Московские тени - Роман Сенчин 28 стр.


Но «Сони» удивлял недолго – появились си-ди, за ними компьютер, ди-ви-ди, mp3…

Пластинки, катушки, кассеты в ломких футлярах давно уже перекочевали в посылочные ящики – их сменили маленькие удобные диски. Переезжая на эту квартиру, Юрьев подумывал вынести ящики к мусорным контейнерам – может, кому-то понадобится, или пусть забросят в мусоровоз, уничтожат, – но не решился. Перевез, засунул на антресоль… О старом напоминала лишь магнитола «Philips», которую использовали как радио.

И вот сегодня стало необходимо достать ящики, разложить на ковре содержимое. Дочкам рассказать, как собиралась его коллекция. Послушать что-нибудь. Звук-то совсем другой, чем у нынешних дисков. Это уютное шипение винила, шелест и поскрипывание катушки, мягкий фон кассеты…

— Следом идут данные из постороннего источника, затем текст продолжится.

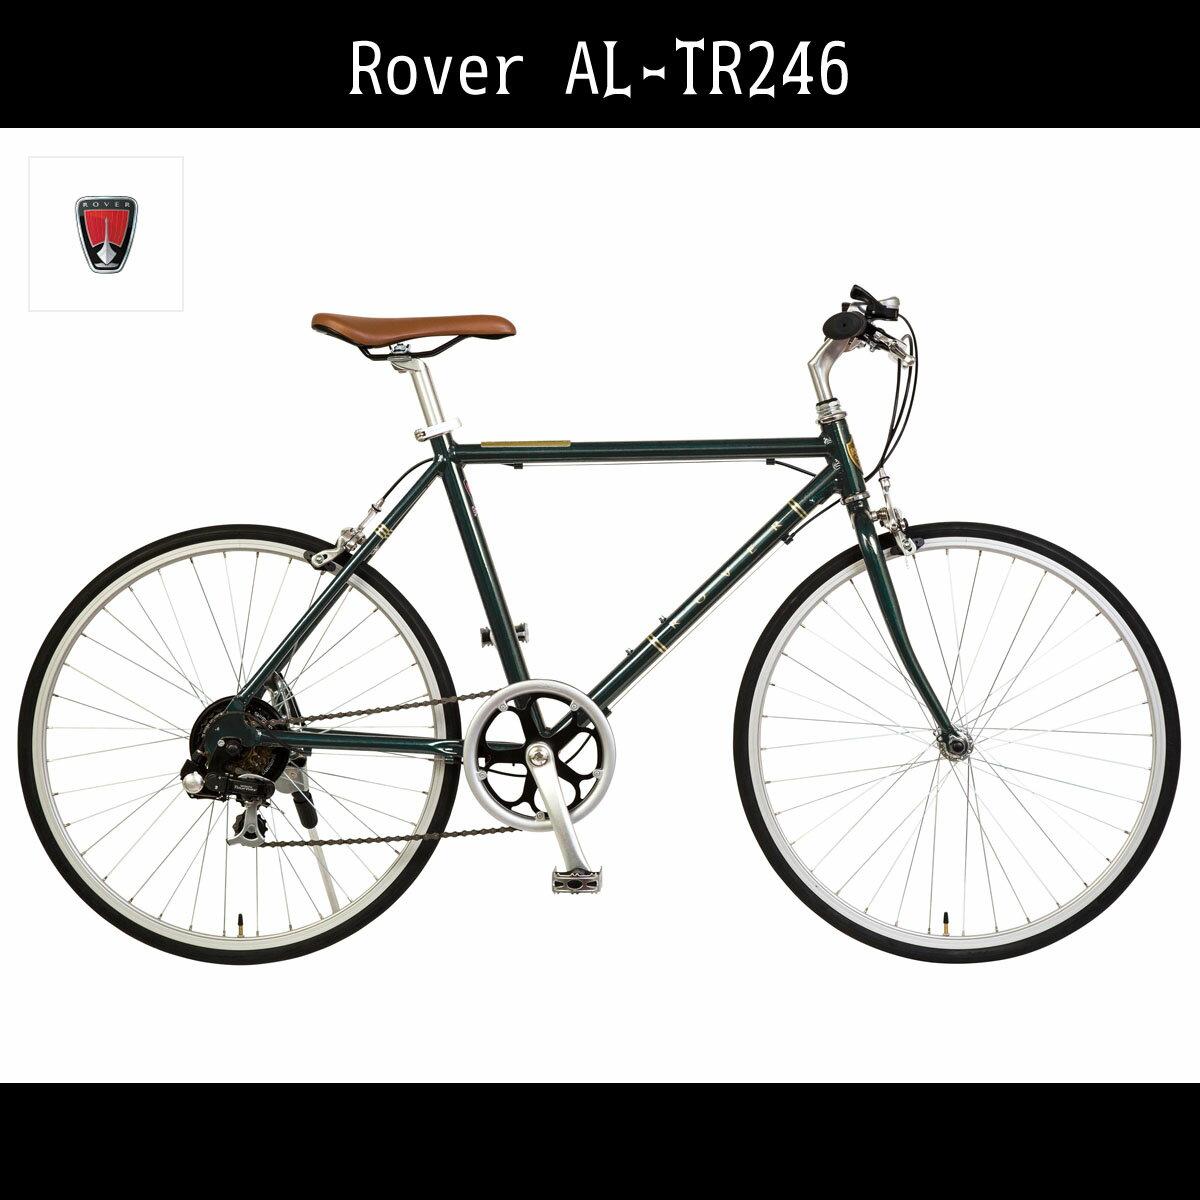 2台セット販売送料無料 ロードバイク Rover ローバー 自転車 グリーン/緑 24インチ 自転車 外装6段変速ギア 軽量アルミ ロードバイク ローバー AL-TR246 通販 おしゃれ

Юрьев взял табуретку, включил свет в прихожей. Посмотрел на дверцу антресоли, стараясь вспомнить, где там нужные ящики. Знал – сначала коробка с инструментами (отвертки, плоскогубцы, дрель, газовый ключ), за ней елочные игрушки, бутылки с лаком и растворителем, большой плюшевый мишка, из которого сыплется поролоновая крошка… И вот начнет он сейчас это все ворошить, вытягивать, греметь-скрежетать, заставит хламом всю прихожую… А в одиннадцать у него очередь в шиномонтаж.

И следом вспомнилось, что еще не сделал много необходимого – зубы не почистил, не сходил в туалет, не принял душ, кофе не выпил. И сразу ощутил на зубах шершавый налет, внизу живота стало тянуть, голову заволокла дурящая тяжесть. Да, умыться, побриться, и – кофе, кофе.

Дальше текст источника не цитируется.